The TUF 550 is 80 PLUS Bronze, and Cybenetics Silver certified in efficiency. In noise, it received a Cybenetics Standard++ rating, which is not so flattering for a low-capacity PSU, especially one using a modern platform. Its dimensions are standard, with 150mm depth, allowing the installation of a 135mm fan.

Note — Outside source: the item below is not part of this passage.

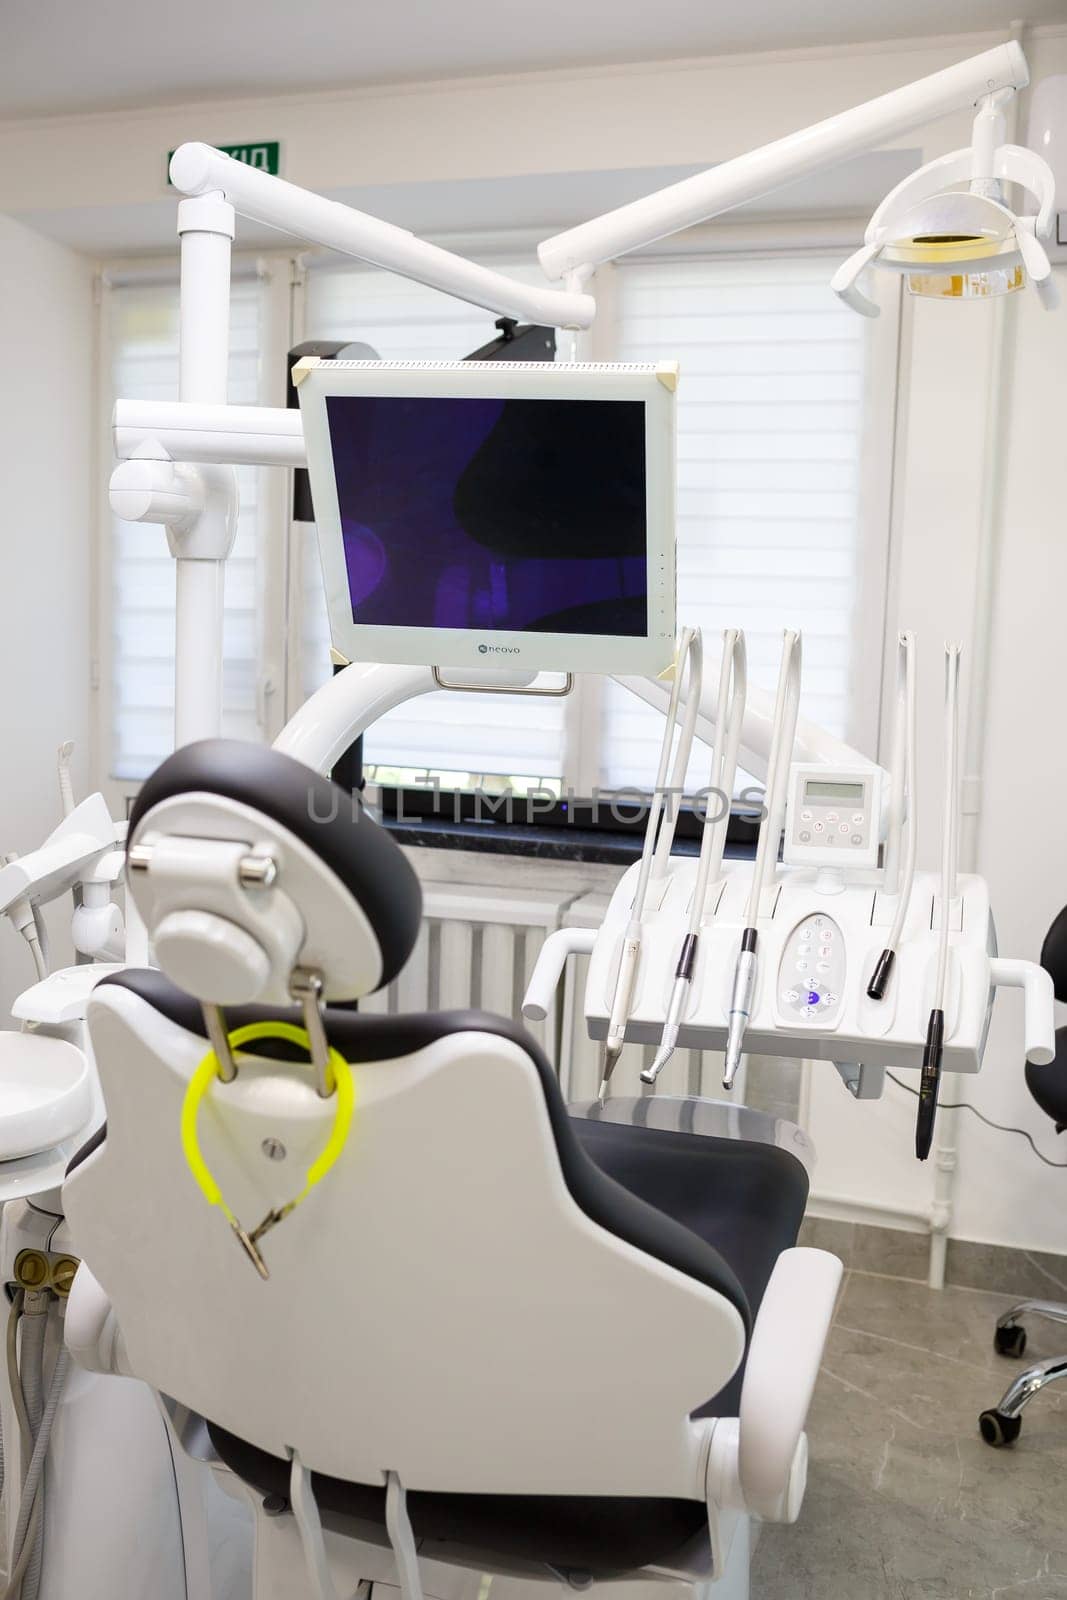 A modern dental office with new equipment and a dental chair. Cabinet for dental treatment by Dmitrytph

Specifications of Asus TUF Gaming 550W
| Manufacturer (OEM) | Great Wall |
| Max. DC Output | 550W |
| Efficiency | 80 PLUS Bronze, Cybenetics Silver (85-87%) |
| Noise | Cybenetics Standard++ (30-35 dB[A]) |
| Modular | ✗ (fixed) |
| Intel C6/C7 Power State Support | ✓ |
| Operating Temperature (Continuous Full Load) | 0 – 40°C |
| Over Voltage Protection | ✓ |
| Under Voltage Protection | ✓ |
| Over Power Protection | ✓ |
| Over Current (+12V) Protection | ✓ |
| Over Temperature Protection | ✓ |
| Short Circuit Protection | ✓ |
| Surge Protection | ✓ |
| Inrush Current Protection | ✓ |
| Fan Failure Protection | ✗ |
| No Load Operation | ✓ |
| Cooling | 135mm Double Ball-Bearing Fan (CF1325H12D) |
| Semi-Passive Operation | ✓ |
| Dimensions (W x H x D) | 150 x 85 x 150mm |
| Weight | 1.92 kg (4.23 lb) |
| Form Factor | ATX12V v2.53, EPS 2.92 |
| Alternative Low Power Mode (ALPM) compatible | ✓ |
| Warranty | 6 Years |
Power Specifications: Asus TUF Gaming 550W Bronze
| Rail | Row 0 – Cell 1 | 3.3V | 5V | 12V | 5VSB | -12V |
| Max. Power | Amps | 25 | 20 | 45.8 | 3 | 0.8 |
| Row 2 – Cell 0 | Watts | Row 2 – Cell 2 | 120 | 549.6 | 15 | 9.6 |
| Total Max. Power (W) | Row 3 – Cell 1 | Row 3 – Cell 2 | 550 | Row 3 – Cell 4 | Row 3 – Cell 5 | Row 3 – Cell 6 |
Cables & Connectors for Asus TUF Gaming 550W
| Captive Cables | Row 0 – Cell 1 | Row 0 – Cell 2 | Row 0 – Cell 3 | Row 0 – Cell 4 |
| Description | Cable Count | Connector Count (Total) | Gauge | In Cable Capacitors |
| ATX connector 20+4 pin (610mm) | 1 | 1 | 18-20AWG | No |
| 4+4 pin EPS12V (820mm) | 1 | 1 | 18AWG | No |
| 6+2 pin PCIe (610mm+100mm) | 1 | 2 | 18AWG | No |
| SATA (400mm+110mm+110mm) | 1 | 3 | 18AWG | No |
| SATA (410mm+110mm) | 1 | 2 | 18AWG | No |
| 4-pin Molex (400mm+150mm+150mm+150mm) | 1 | 4 | 18AWG | No |
| Modular Cables | Row 8 – Cell 1 | Row 8 – Cell 2 | Row 8 – Cell 3 | Row 8 – Cell 4 |
| AC Power Cord (1390mm) – C13 coupler | 1 | 1 | 18AWG | – |
Given its capacity, the PSU has enough cables and connectors. On top of that, the cables are long, especially the EPS, which reaches 810mm! Lastly, the distance between the 4-pin Molex connectors is adequate at 150mm.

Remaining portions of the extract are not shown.